WORK INSTRUCTIONS:
Below are entries to reproduce exactly, apart from their pictures.
########
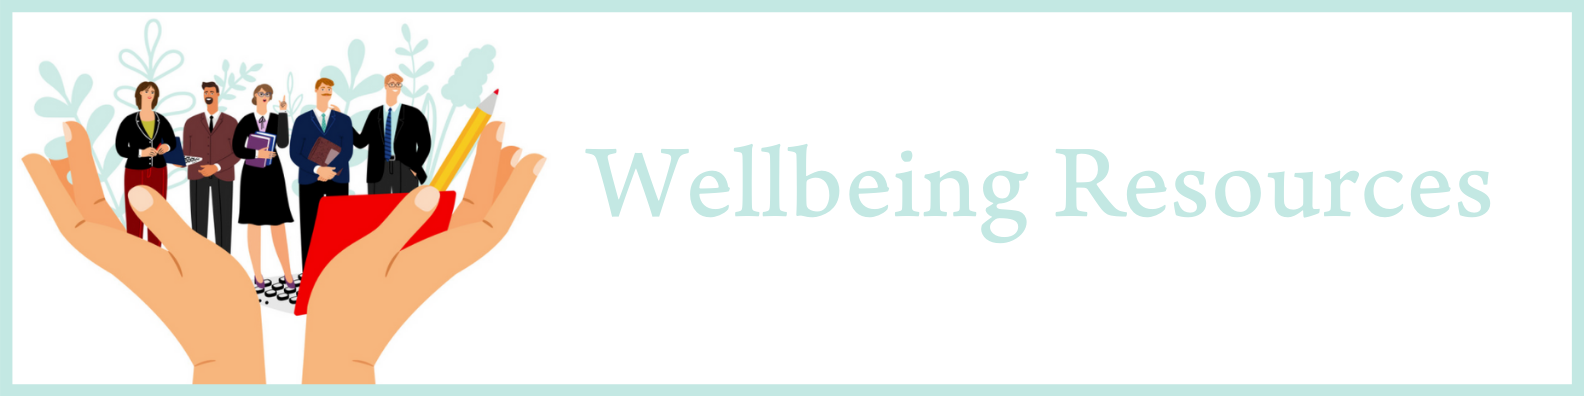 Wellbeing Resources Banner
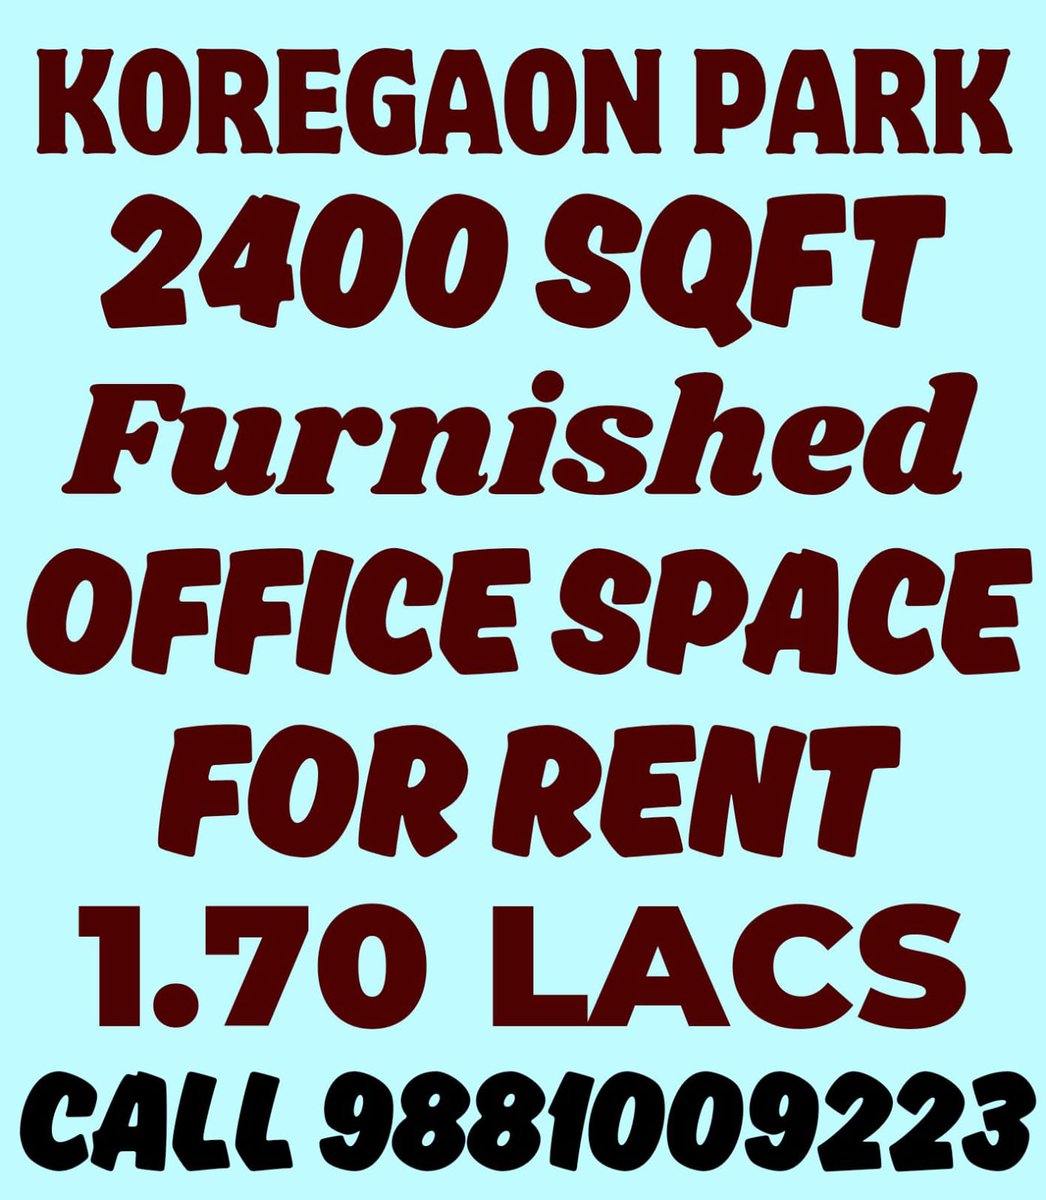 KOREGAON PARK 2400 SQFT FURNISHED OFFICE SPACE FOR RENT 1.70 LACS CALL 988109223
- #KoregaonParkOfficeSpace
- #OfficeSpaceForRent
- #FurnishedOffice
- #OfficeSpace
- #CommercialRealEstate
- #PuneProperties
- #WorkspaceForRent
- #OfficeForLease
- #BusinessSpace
########
COMPLETED EXERCISE:
 Wellbeing Resources Banner
 KOREGAON PARK 2400 SQFT FURNISHED OFFICE SPACE FOR RENT 1.70 LACS CALL 988109223
- #KoregaonParkOfficeSpace
- #OfficeSpaceForRent
- #FurnishedOffice
- #OfficeSpace
- #CommercialRealEstate
- #PuneProperties
- #WorkspaceForRent
- #OfficeForLease
- #BusinessSpace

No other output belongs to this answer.